The person buying 19 items in the 10 items or less line. (or writing a check in the cash only line).
 
1) the hard shell, finger nail breaking, scissor resistant, steak knife bending, "easy opening" plastic shrink wrap packaging used on just about everything.
2) NASCAR wanna bes driving underpowered, pimped out, Dodge Neons like it was the last lap at the Daytona 500.
3) Sitting at a stoplight enjoying the "good vibrations" from the bass on the radio,mp3 or cd of the near deaf driver three cars behind me.

to name a few
 
the hard shell, finger nail breaking, scissor resistant, steak knife bending, "easy opening" plastic shrink wrap packaging used on just about everything.

THIS!
 
1) the hard shell, finger nail breaking, scissor resistant, steak knife bending, "easy opening" plastic shrink wrap packaging used on just about everything.
I keep a pair of straight cut tin snips to cut these things.
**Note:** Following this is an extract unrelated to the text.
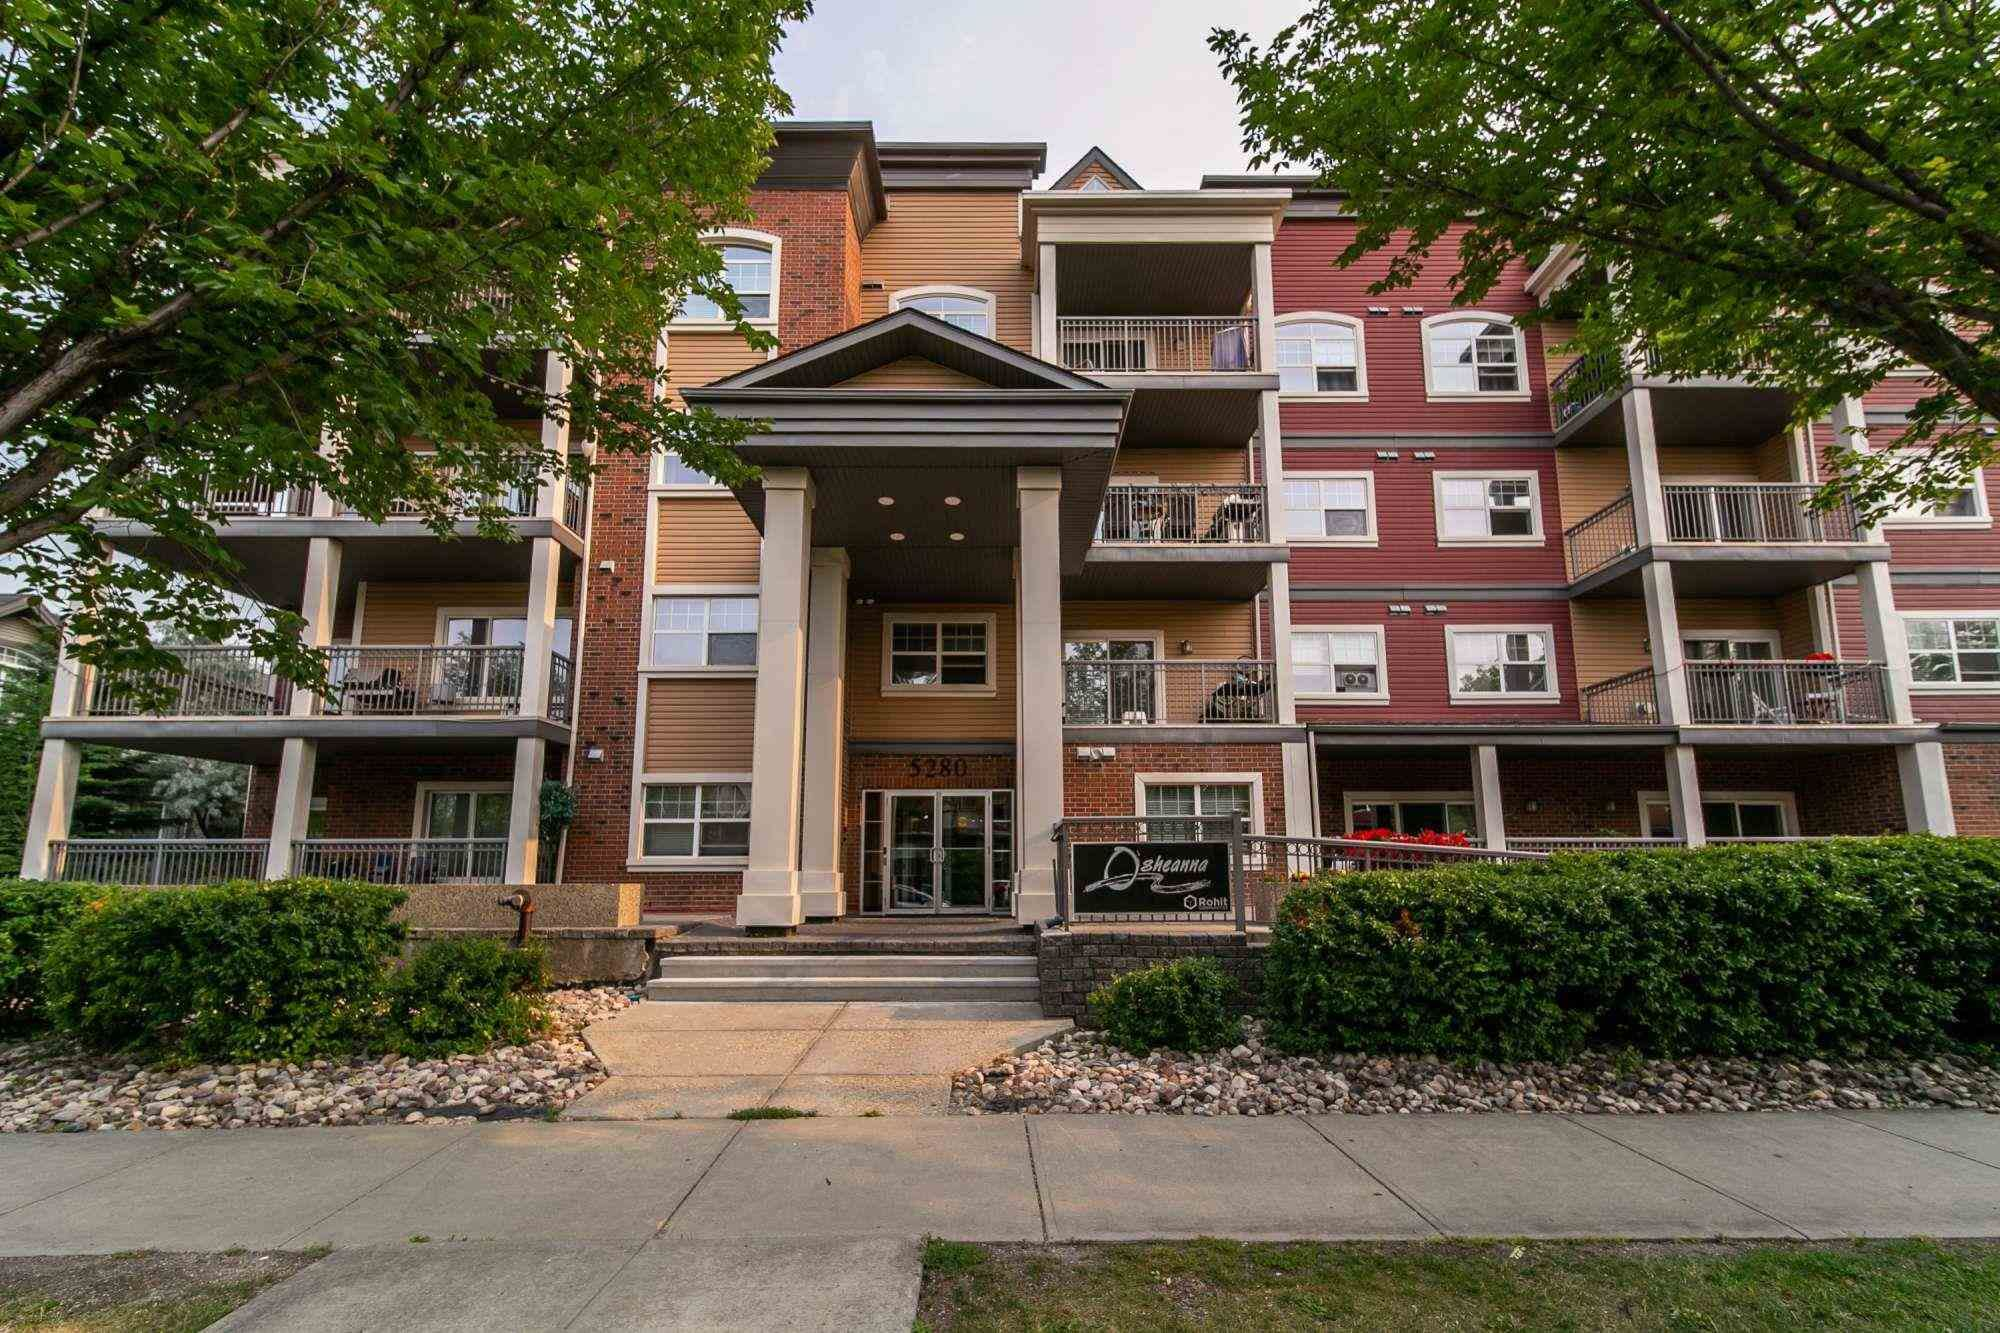 Main Photo: 314 5280 TERWILLEGAR Boulevard in Edmonton: Zone 14 Condo for sale : MLS®# E4256856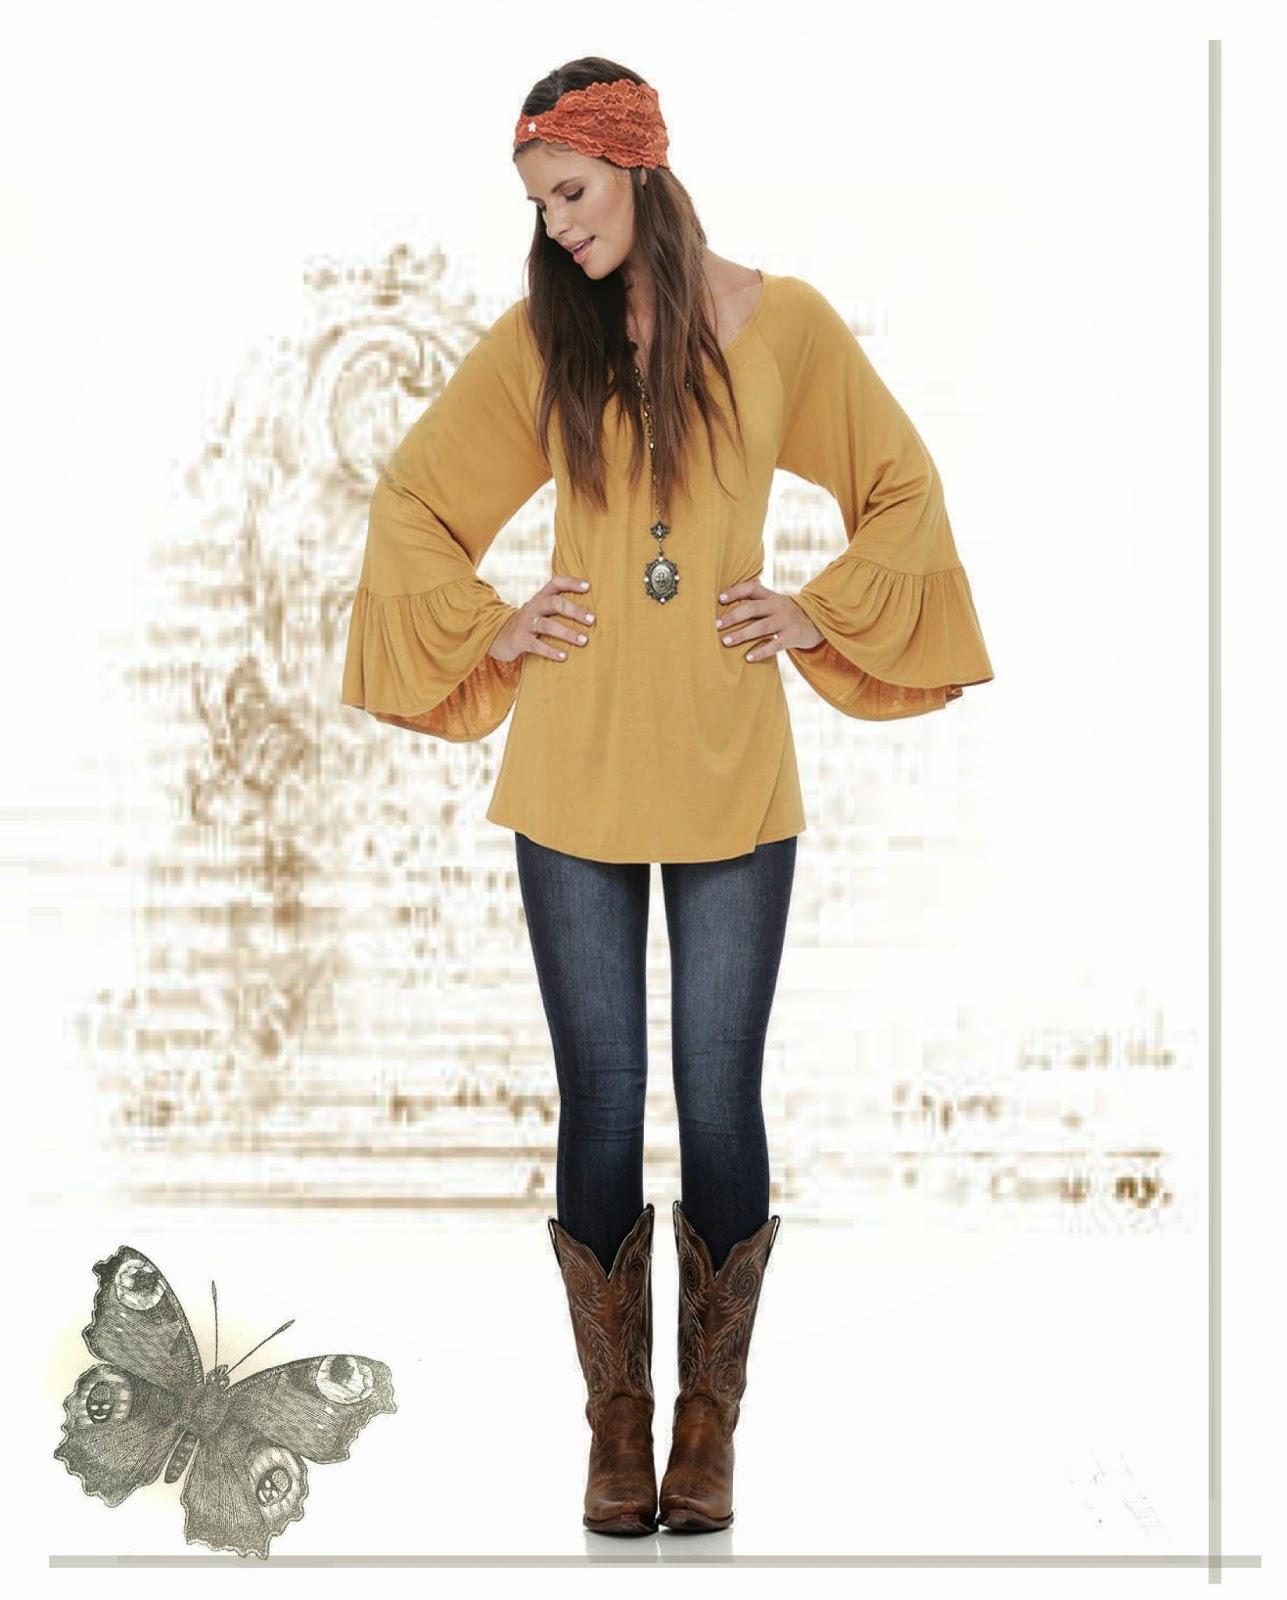 nos elle, 2tee couture, bohemian clothing, boho looks, bohemian, boho outfit, chic outfit, outfits, clothing company,

I got too many cuts trying to pull them apart.

Ha
 
cable tv commercials at 3000% volume of the show.
 
telemarketing calls that connect/route after you answer
 
I have been sitting here laughing out loud. You guys are hysterical, absolutely hysterical. I love this site and will be going through early retirement forum withdrawal the next 10 days. Keep up the good work, because I love laughing.
 
Leaving the shopping cart in the parking lot where your car was instead of putting it in the corral.
Good one, I absolutely hate that.

Sure the figure the 16 year old kid working there will eventually get it, but until then everyone else trying to park is inconvenienced.

The person buying 19 items in the 10 items or less line. (or writing a check in the cash only line).

A corollary to this peeve is someone who is technically in the rules of the express line with the allowable item count but is doing something that violates the principle of the line being fast.

Example: asking for a pack of smokes meaning cashier must leave the register and walk over to some other area to fish around for awhile, with the inevitable cries of "do you mean this one" and the "no the soft pack with green label" type answers.
 
People who use obscenities every few words and seem never to complete a sentence without using the "F" word, sometimes more than once.

Even worse is the self-degrading practice of calling each other "******" which has been adopted by some, mainly young, black people. I refer to myself as "black" rather than "African-American", which is probably at this point a bit old-fashioned, but it's utterly beyond me why anyone would voluntarily use a racial slur to refer to him/herself. I don't think I have ever heard members of any other ethnic group do so, and I hate to hear black people talk this way.
 
1) the hard shell, finger nail breaking, scissor resistant, steak knife bending, "easy opening" plastic shrink wrap packaging used on just about everything.
2) NASCAR wanna bes driving underpowered, pimped out, Dodge Neons like it was the last lap at the Daytona 500.
3) Sitting at a stoplight enjoying the "good vibrations" from the bass on the radio,mp3 or cd of the near deaf driver three cars behind me.

to name a few

Continued,

4) Incredible shrinking "1/2 gallon" of ice cream that is now 25% smaller.
5) People who park their "better than yours" car taking up two or more parking spaces.
6) People who bring their oversized carry on onto the plane, then want you to help them nu putting it into the overhead bin...
7) Bars that have Happy Hour 1/2 price drinks, then reduce the size of the drink to 1/2 size.
 
Even worse is the self-degrading practice of calling each other "******" which has been adopted by some, mainly young, black people.
Sometimes I like playing online video games, and I've definitely noticed n-bombs are the current trendy insult among people who sound like teenage kids.